I glanced involuntarily at the cat in her cage. Kalakos took up a helmet-shaped device made of copper netting and fitted it over Nathan’s head while I took a metal plate and pressed it against his breastbone. Nathan looked at me with that strange child-like acceptance in his eyes, and I looked away. I had wiring to connect.
“You said your device can do it,” Joseph accused.
“It can,” Kalakos replied. He set straps round Nathan’s ankles. “At one time, it was exceedingly difficult, but it’s become easier in this modern age, thanks to Babbage and Lovelace’s difference engine. The engine allows us to calculate the exact frequency for the soul, which is nothing more than a form of electromagnetic energy. A sufficiently complicated electrical device”—he gestured at his machine—“has the power to move a soul from one place to another, just like we can move current from a generator to a Leyden jar.”
“I like that you keep their souls in jars,” Joseph said pleasantly. “It’s a brilliant way to keep them under your thumb.”
“I told you those aren’t souls,” Kalakos said. “They’re pieces. I once had a machine in Geneva that would transfer a complete soul all at once, but that device was destroyed. I did rebuild, but without the proper inspiration—”
“His name was Georgie Byron, as I recall,” Joseph interrupted. I stiffened and turned to stare at Kalakos.

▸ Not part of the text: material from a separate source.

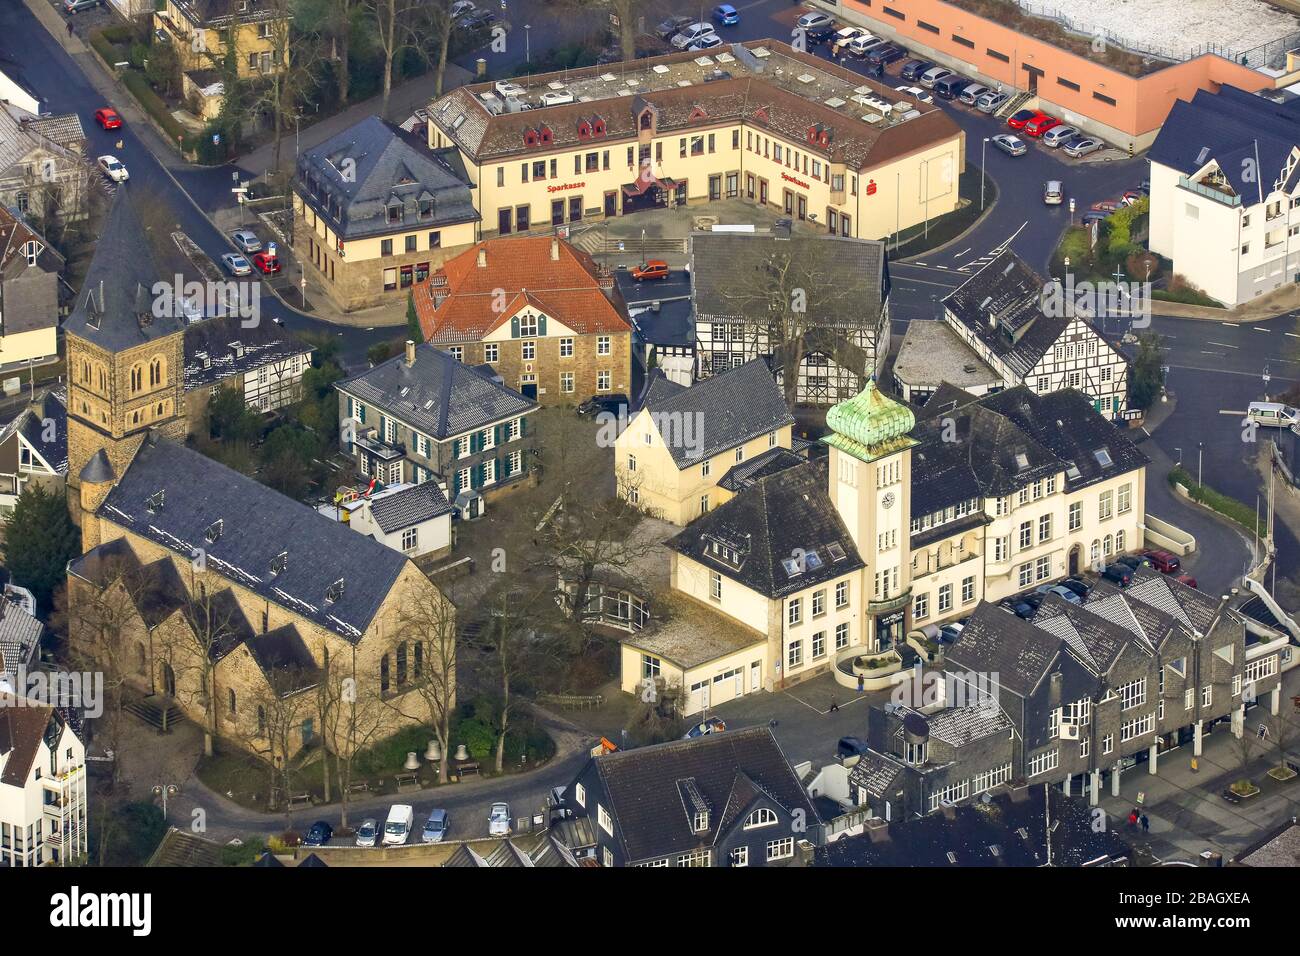 Rathaus und Stiftskirche in der Innenstadt von Herdecke, 04.02.2015, Luftbild, Town hall and church St. Marien in the center of Herdecke, 04.02.2015, aerial view, Germany, North Rhine-Westphalia, Ruhr Area, Herdecke Stock Photo
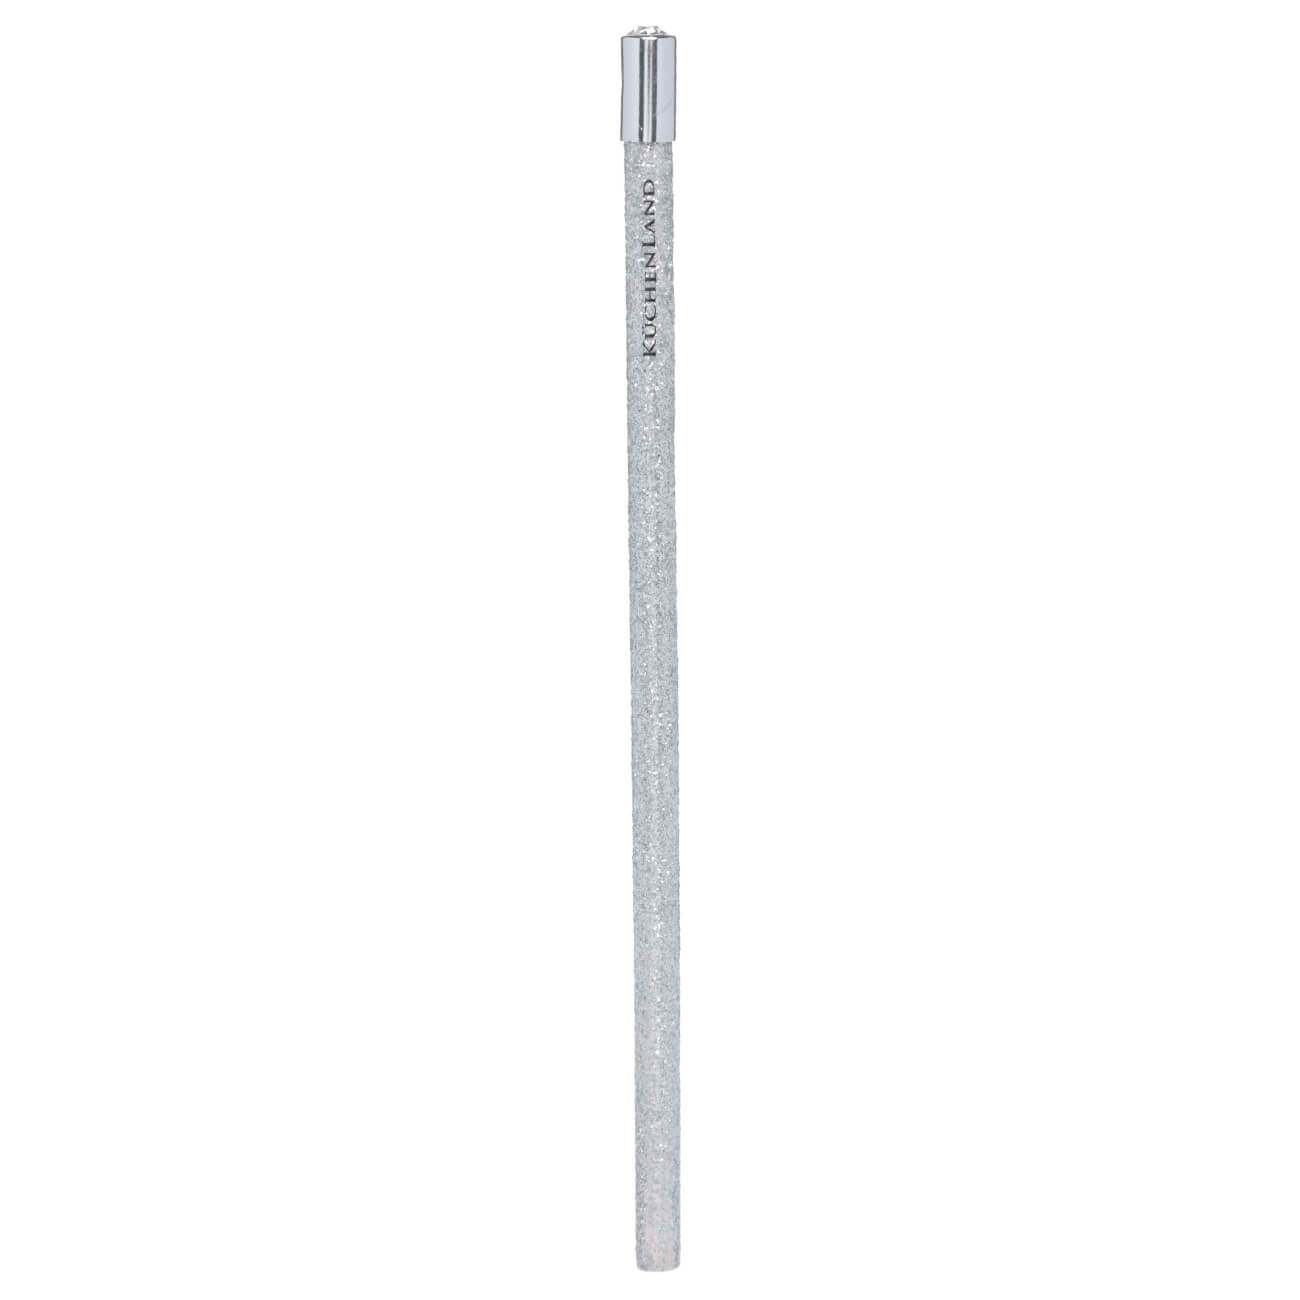 Карандаш, 18 см, чернографитный, серебристый, Draw sparcle чернографитный карандаш berlingo

“—without the proper inspiration, I couldn’t get it right,” Kalakos continued as if Joseph hadn’t spoken. “My new machine failed to transfer the subjects properly, and they were...damaged. Then I realized I could simply dial back the voltage and not take the entire soul. It does no immediate harm to the owners, though they tend to age faster and die sooner. And it does make them more pliable. I don’t worry about them snooping among my machines. Or asking questions about my past.”